12.00 The Construction of a Hybrid Heritage of the Jewish and Bedouin Refugee Life
My Session Status
Can an art project on contemporary ethnography, in which, among others, a group of Jewish artists and scholars from West Jerusalem, a Bedouin community from the Occupied Territories, and the Israel Museum took part challenge the hegemonic discourse and practice of the homogeneous identity-making in Jewish-Israel culture? This paper will deal with “The Eternal Sukkah” project done by the Sala-Manca Group, Itamar Mendes-Flohr and Yeshaiau Rabinowitz, an art project that attempts to combine Jewish Heritage with contemporary Israeli and Palestine territorial politics presenting an alternative and symbolic option to the Hegemonic Israel Jewish Heritage discourse.
Leading up to the 2014 Sukkot holiday, a holiday that commemorates the Exodus and the dependence of the Jewish people, a group of artists decided to delve into the sukkah’s charged meaning in the Israeli context and highlight the temporary nature of the sukkah structure and its associations with exile, thus evoking associations not only with Jewish history but also with the Israeli context. The artists decided to focus on Sukkot as a festival commemorating the biblical Jewish refugee camps bringing to the city of Jerusalem an "authentic" and contemporary house from a refugee camp from today’s Israel/Palestine. The artists traveled to the unrecognized Bedouin village of Khan-Al-Akhmar at the Judean Desert in the Palestinian (occupied) territories to meet members of the Jahalin Bedouin tribe. The artists proposed to purchase one of their tiny houses, dismantle it, and reassemblie it as a sukkah in West Jerusalem transporting a piece of one "hidden" reality into another location, where a hidden reality would be made visible. The ephemeral and illegal refugee was rebuilt and used as a Jewish Sukkah for the Jewish Holidays of Sukkoth. A year later the piece was sold to the Israel Museum as an art piece, and the Bedouin community paid half of the amount. The “Eternal Sukkah” became part of the Museum’s art collection and it is being exhibited presently.

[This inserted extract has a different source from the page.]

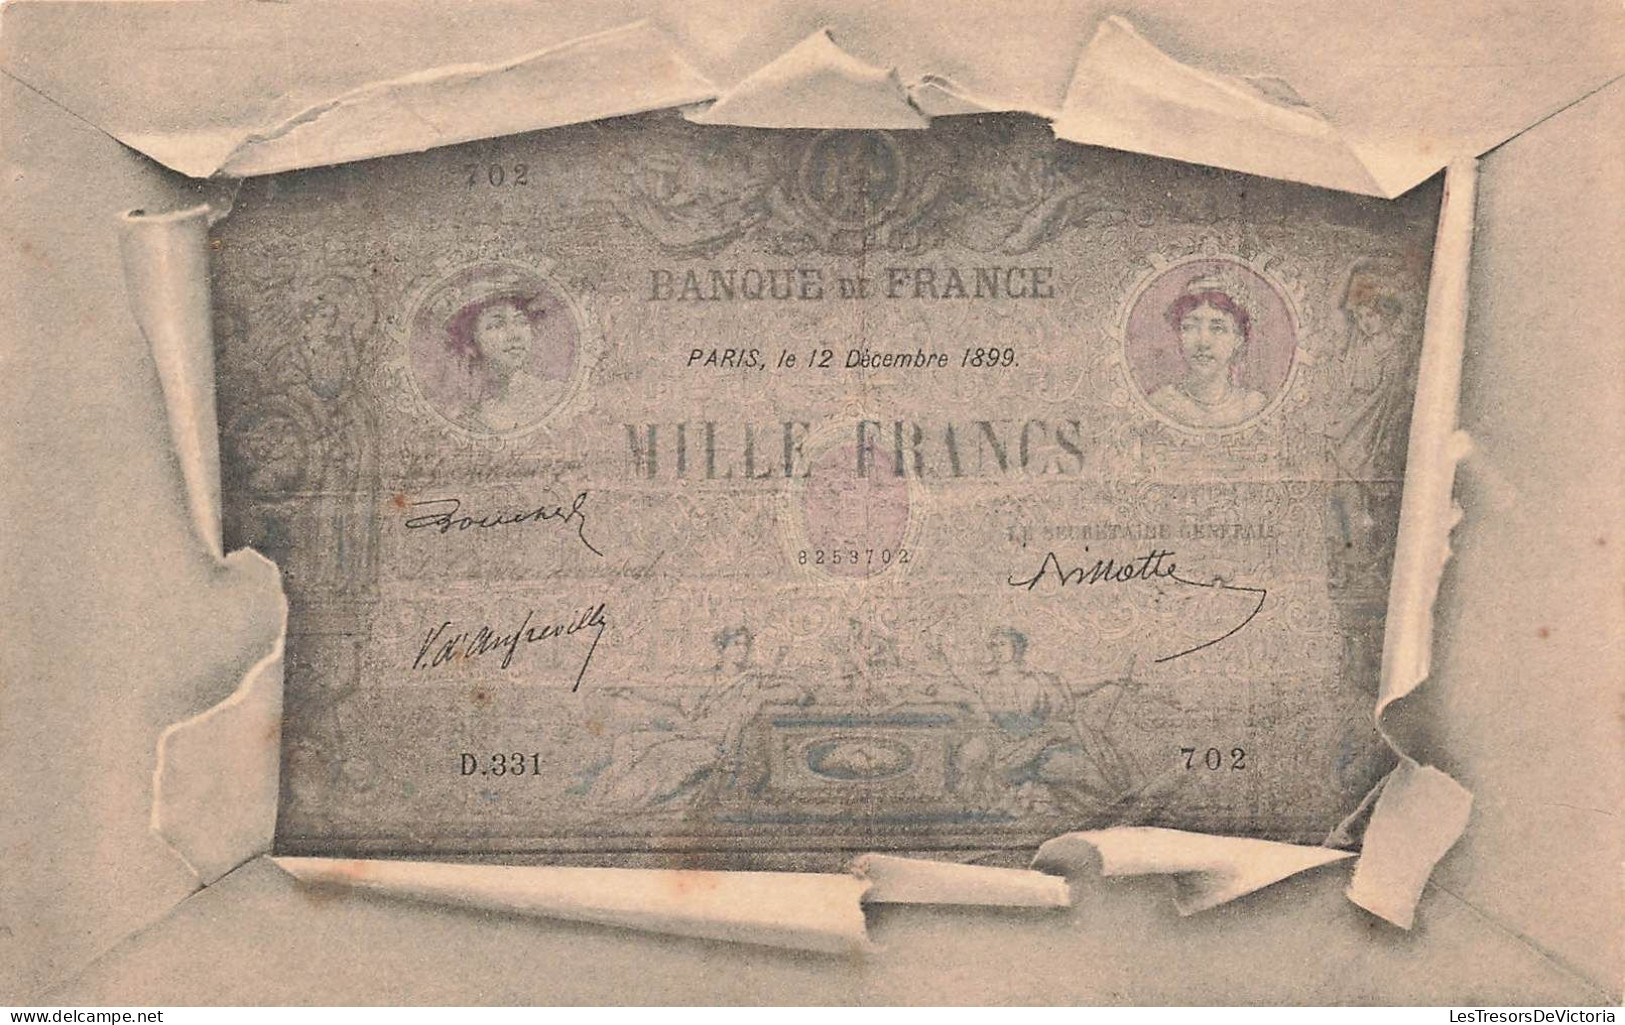 MONNAIES (représentations) - Mille Francs - Banque De France - Paris Le 12 Décembre 1899 - Carte Postale Ancienne - Munten (afbeeldingen)

The Bedouin-Sukkah, as an expression of the (im)possible Jewish-Bedouin hybrid identity heritage proposed by the artists in collaboration with the Bedouin community was purchased and canonized by the Israel Museum. This act was defined by a major Israel journalist as an historical act, and as the "first official recognition" of the Bedouins in Israel. A Rabbi of the Rabbis for Humans Rights movement described it a kosher Sukkah that totally transforms the mitzvah—emotionally, socially, politically—into the most religious act he has ever felt. A right-wing former parliament member referred to it as a "deplorable action" done by the Israel Museum that crossed the red line in collaborating with illegal groups against the State. The process of transformation of a Bedouin home into a Jewish sukkah, and this Bedouin-sukkah into an art piece that became a symbolic ethnographic piece of heritage, placed the Israel Museum in the opposite role it plays as a "non-political" institution. The representation of the local identity and the Jewish heritage accepted a new possibility of a hybrid heritage. The Museum played a major role, not only in showing a house from a refugee camp in the center of Israel discourse—that is already a strong act—and not in showing a Judaized Bedouin Sukkah, but in the canonization of an ephemeral and illegal house, in recognition of the unrecognized Bedouin community and furthermore in accepting the proposition to express an alternative discourse of hybrid and multicultural heritage that, since the 1930s, has been constantly rejected in the dominant public discourse in Israel.